I am interested in the different ways people talk about contributor agency in this setting: who has it, who doesn't. I want to take the first step in exploring that (an initial, descriptive analysis) through similar methods to Kozlowski's class and gender explorations. This pole exploration is a useful preliminary, validation analysis for later studies of how people discuss certain communities' agency. First we can define our poles in terms of the tokens closest and furthest from the action of "merging," the critical decision regarding what code is included and excluded from the project. Core developers often have merge permissions to a project; peripheral developers often do not. By studying the weighted relationships between how these engineers discuss power in the context of how they discuss the action of merging code, we can gain a better understanding of Phabricator engineers' discussions of work.
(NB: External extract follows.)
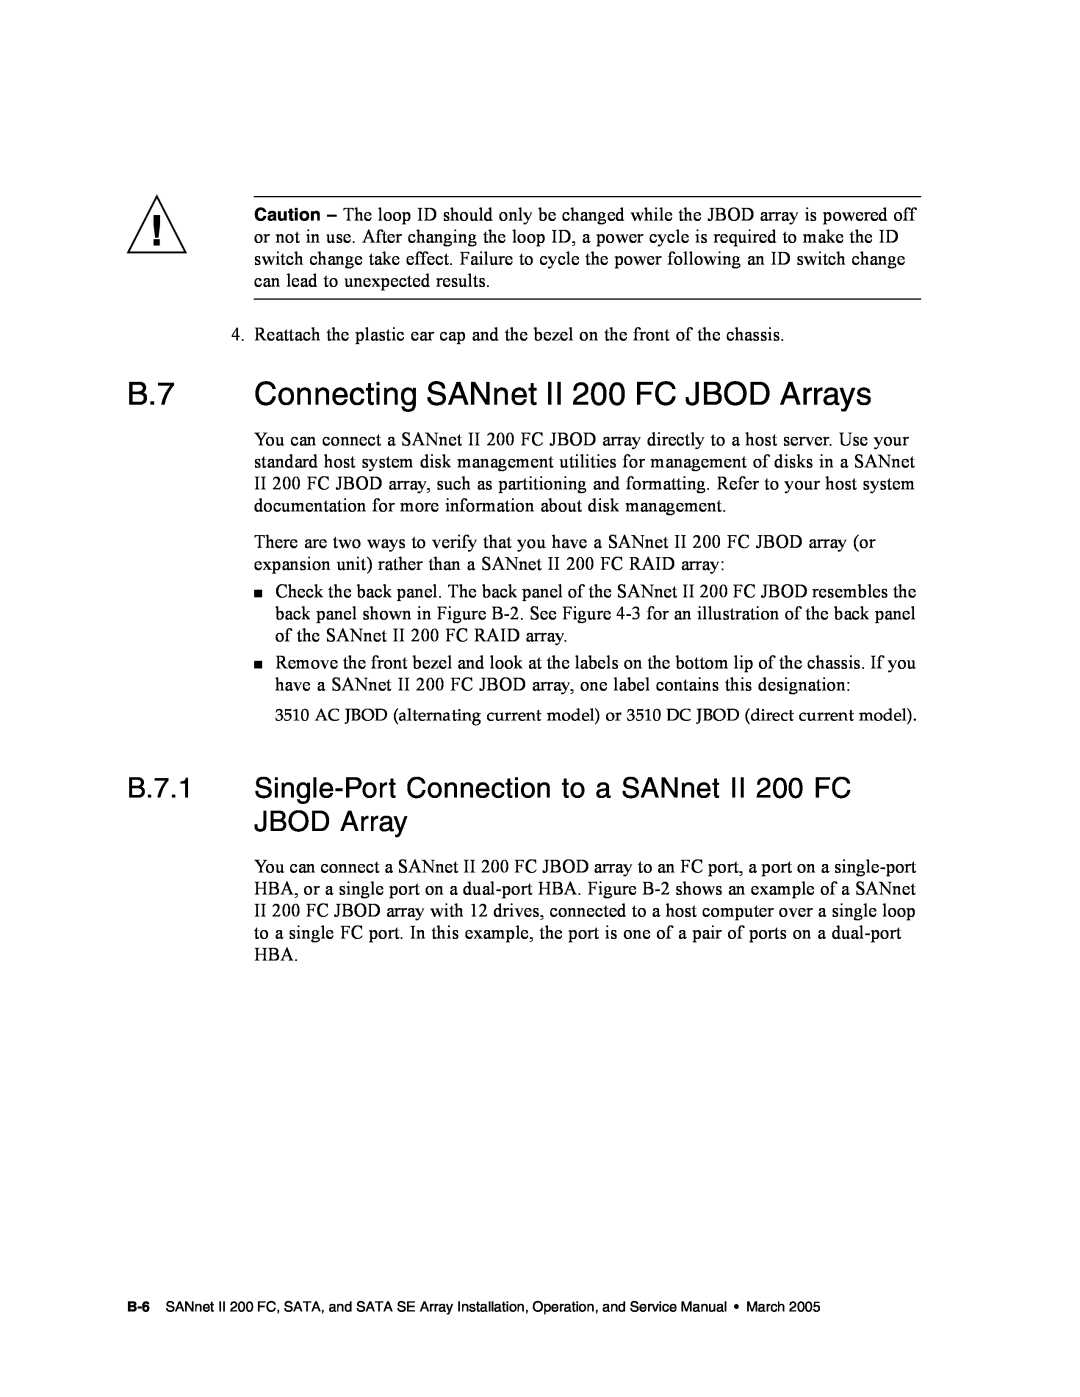 Dot Hill Systems service manual B.7 Connecting SANnet II 200 FC JBOD Arrays

Given that this exploration combines two methods from class to develop a method that is not introduced in class, it is also a bit of a test of the method's validity. 
```{r}
fcm_matrix = tokens %>%
  tokens_remove(stopwords("en"), padding = FALSE) %>%
  quanteda::fcm(context = "window", window = 3) %>% as.matrix()

like_merge_pole <- names(sort(fcm_matrix[,"merging"], decreasing = T)[1:20])
like_merge_label <- "Like Merge"
dislike_merge_pole <- names(sort(fcm_matrix[,"merging"], decreasing = F)[1:20])
dislike_merge_label <- "Dislike Merge"

#we define our target pool as the different stakeholder groups of software projects
targets <- names(sort(fcm_matrix[,"power"], decreasing = T)[1:4])

library(lsa)
```
Then, we can use the Kozlowski function to find the difference between the two poles that we have constructed.
```{r}
project_term_on_dimension = function(pole_1, label_1, pole_2, label_2, term_to_project, embedding_matrix){
  pole_1_centroid = colMeans(embedding_matrix[pole_1, ])
  pole_2_centroid = colMeans(embedding_matrix[pole_2, ])

  axis = pole_2_centroid - pole_1_centroid

  if(length(term_to_project) > 1){
    cosine_w = lsa::cosine(axis, t(embedding_matrix[term_to_project, ]))
  } else {
    cosine_w = lsa::cosine(axis, embedding_matrix[term_to_project, ])
  }
  return(data.frame(from = label_1, 
                    to = label_2, 
                    term = term_to_project, projection = cosine_w))
}
```
We then pass the values to the term projection.
```{r}
merge_projection <- project_term_on_dimension(like_merge_pole, like_merge_label, dislike_merge_pole, dislike_merge_label, targets, fasttext_mat)

```
The projection function fails when trying to calculate the column means. It seems that the error is that certain terms in the pole vectors are not identifiable in the embedding matrix --- the localized terminology "zend" "parsoid" and likely the acronym "HHVM" are not present in the common crawl and Wikipedia training data. Some of this is certainly a function of testing the bounds of the method, but I also think that it speaks to the limitations of relying on embeddings for the analysis of localized semantics.